(REQUIRED ACTION): Exactly and only the lines below from the one containing "Calaméo - Strategisches" down to the one containing "Polish currency, Depositphotos" are wanted, both included; please exclude every picture.

(DATA RECORDS):
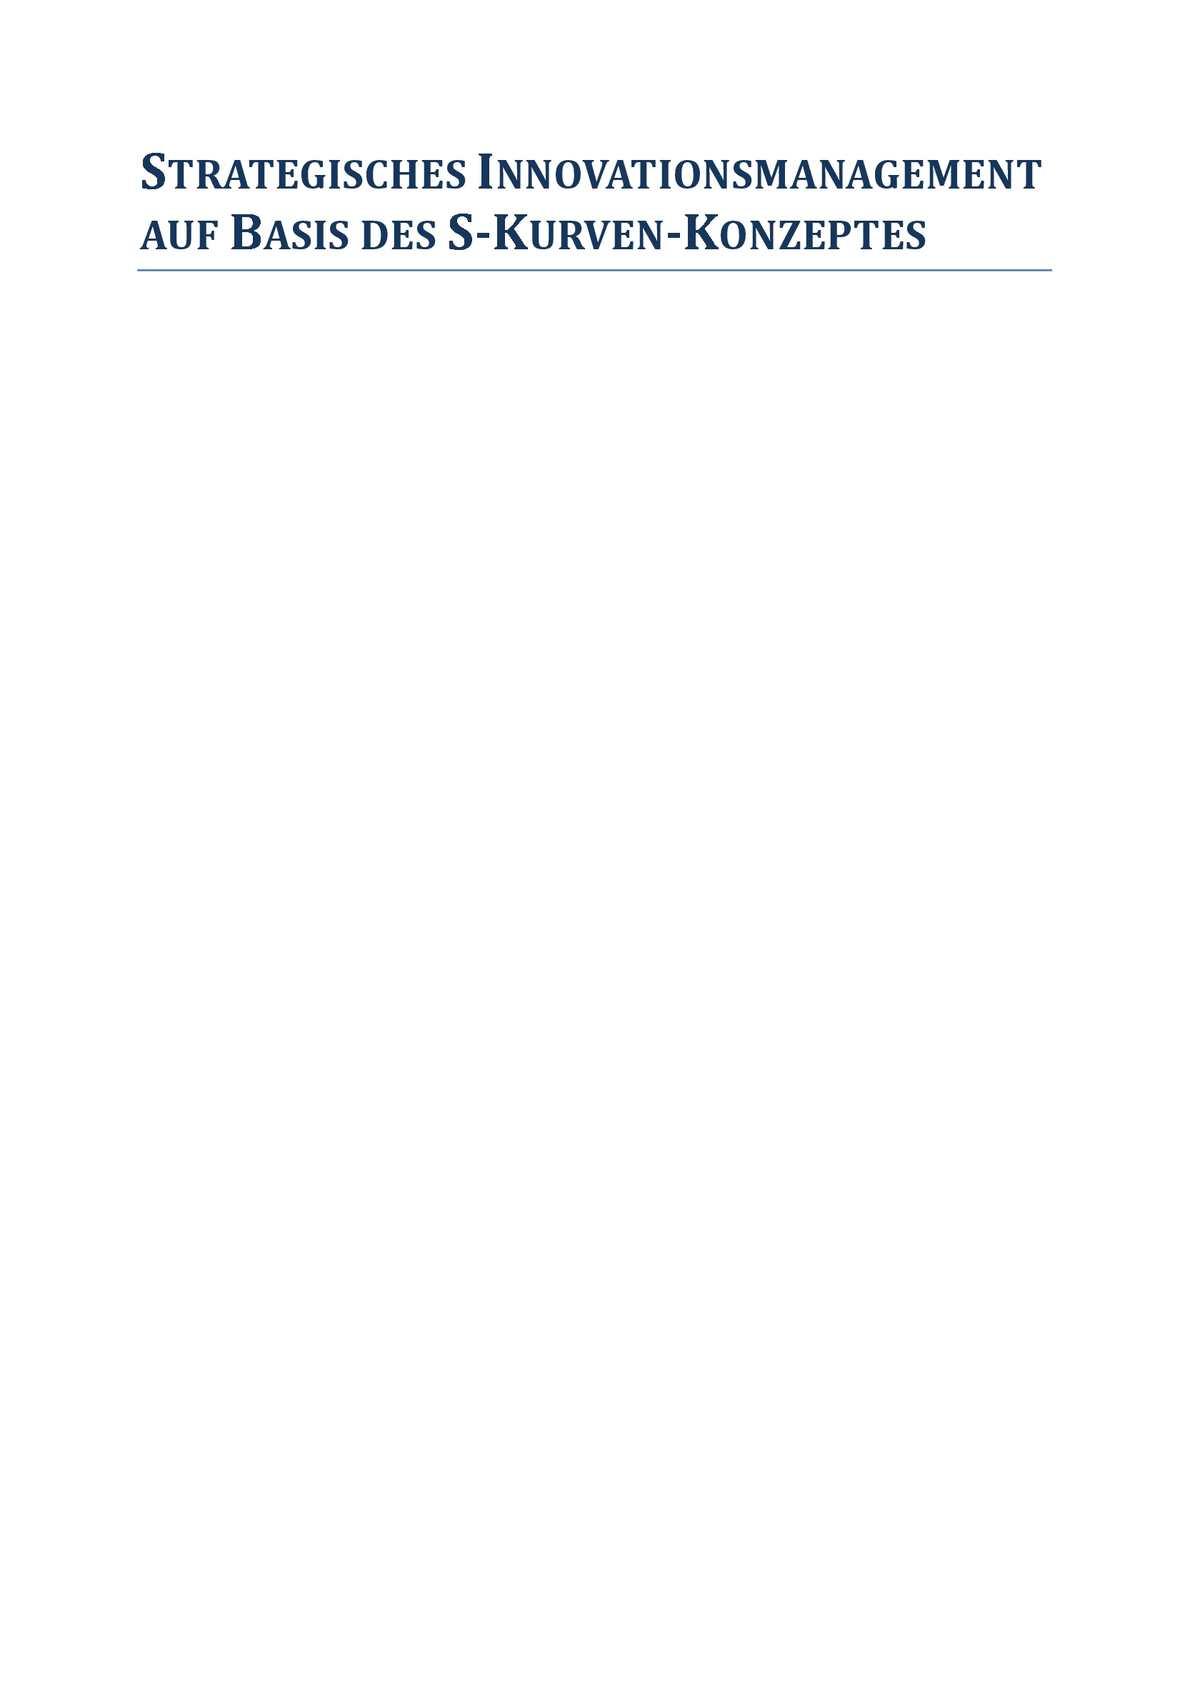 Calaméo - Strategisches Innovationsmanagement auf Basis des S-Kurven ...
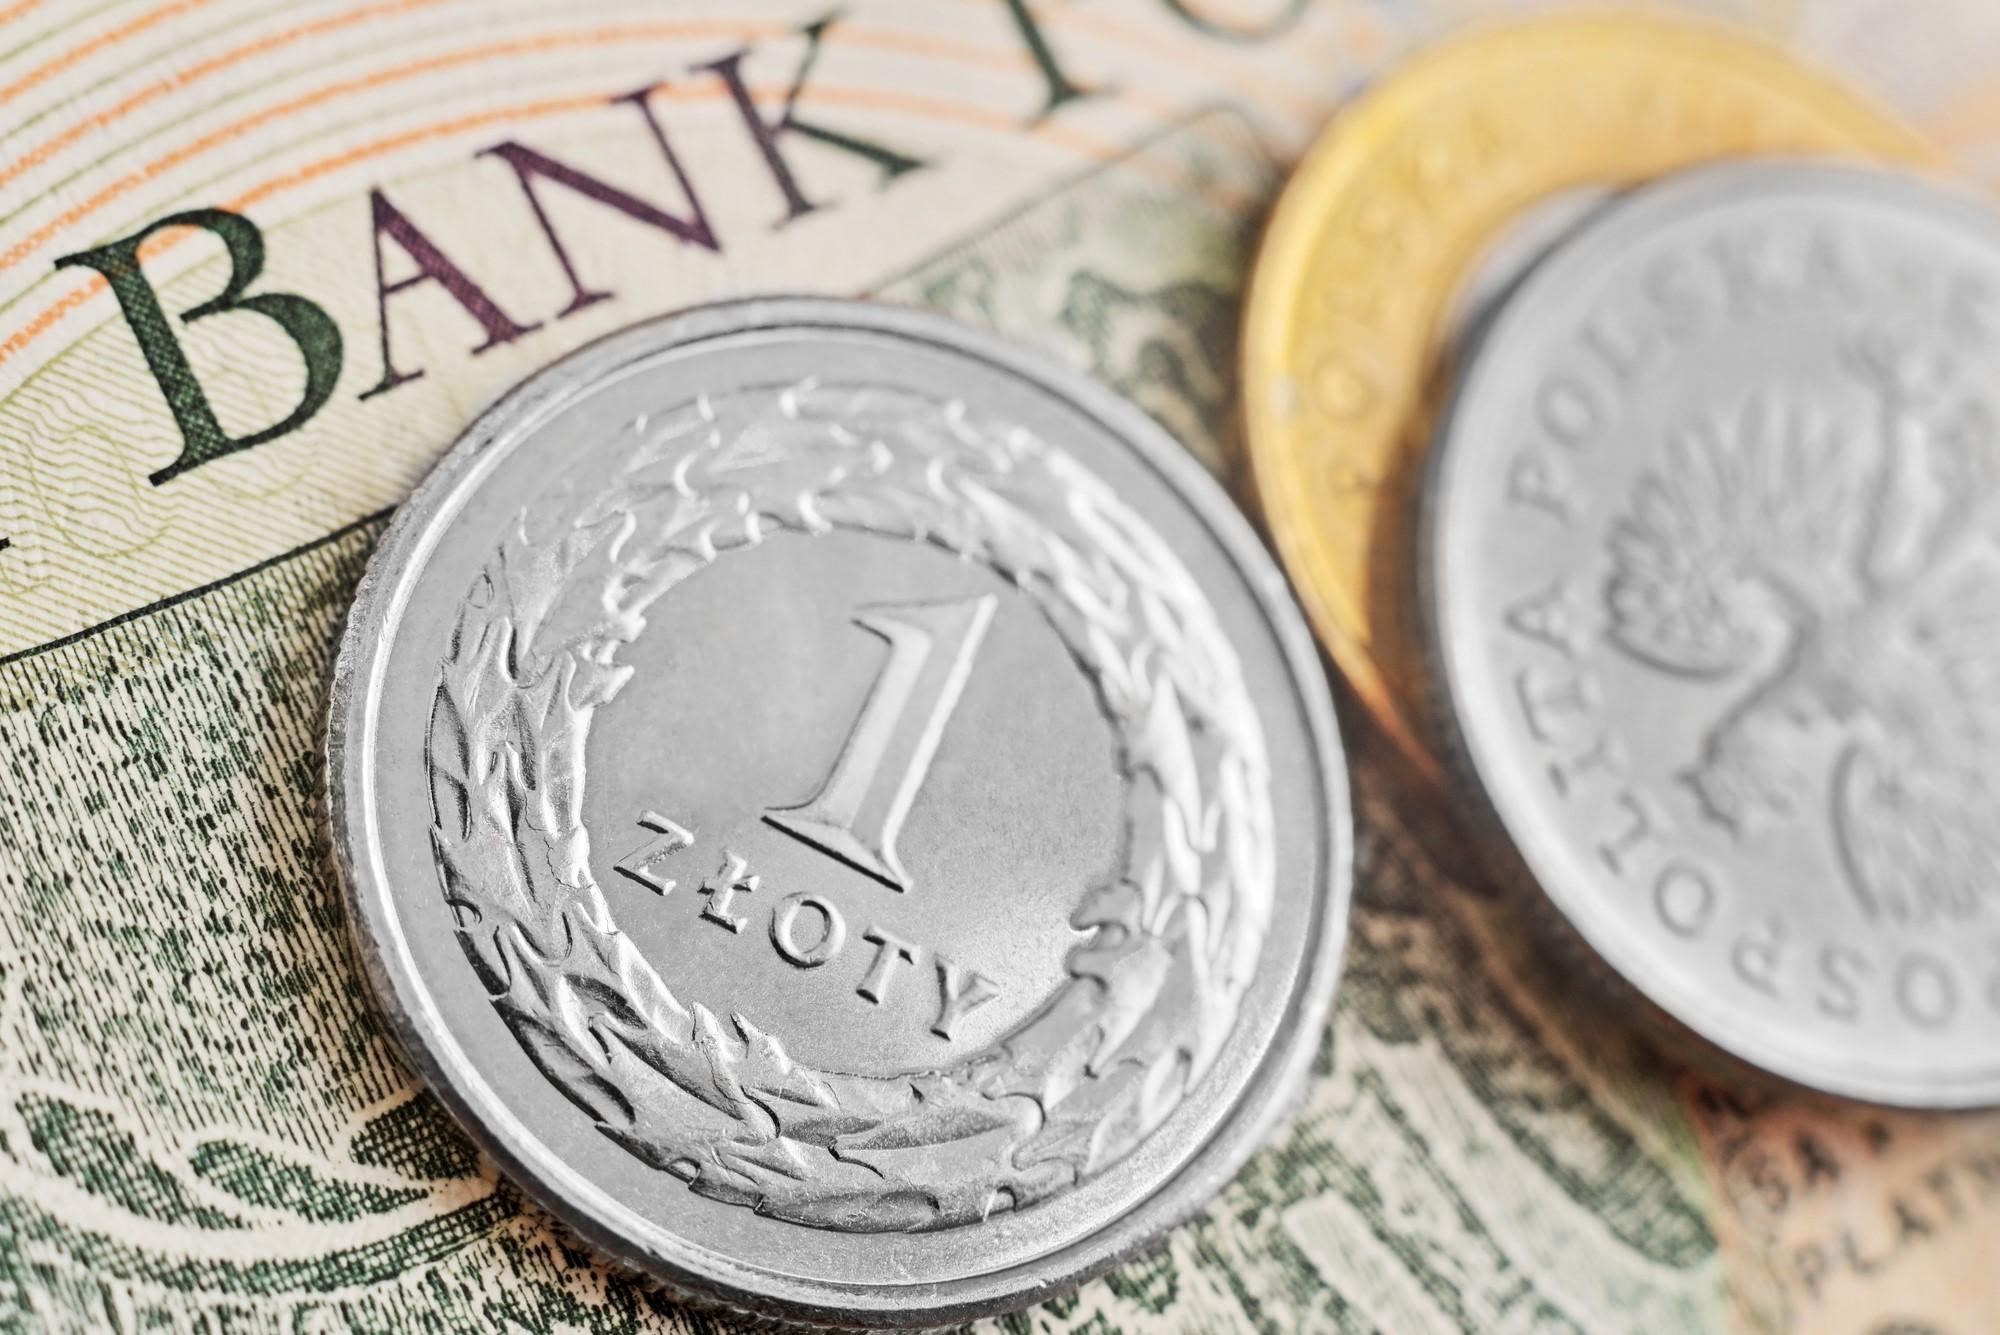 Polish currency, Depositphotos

...

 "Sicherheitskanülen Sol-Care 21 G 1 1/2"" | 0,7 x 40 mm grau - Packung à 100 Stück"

(ANSWER AREA):
 Calaméo - Strategisches Innovationsmanagement auf Basis des S-Kurven ...
 Polish currency, Depositphotos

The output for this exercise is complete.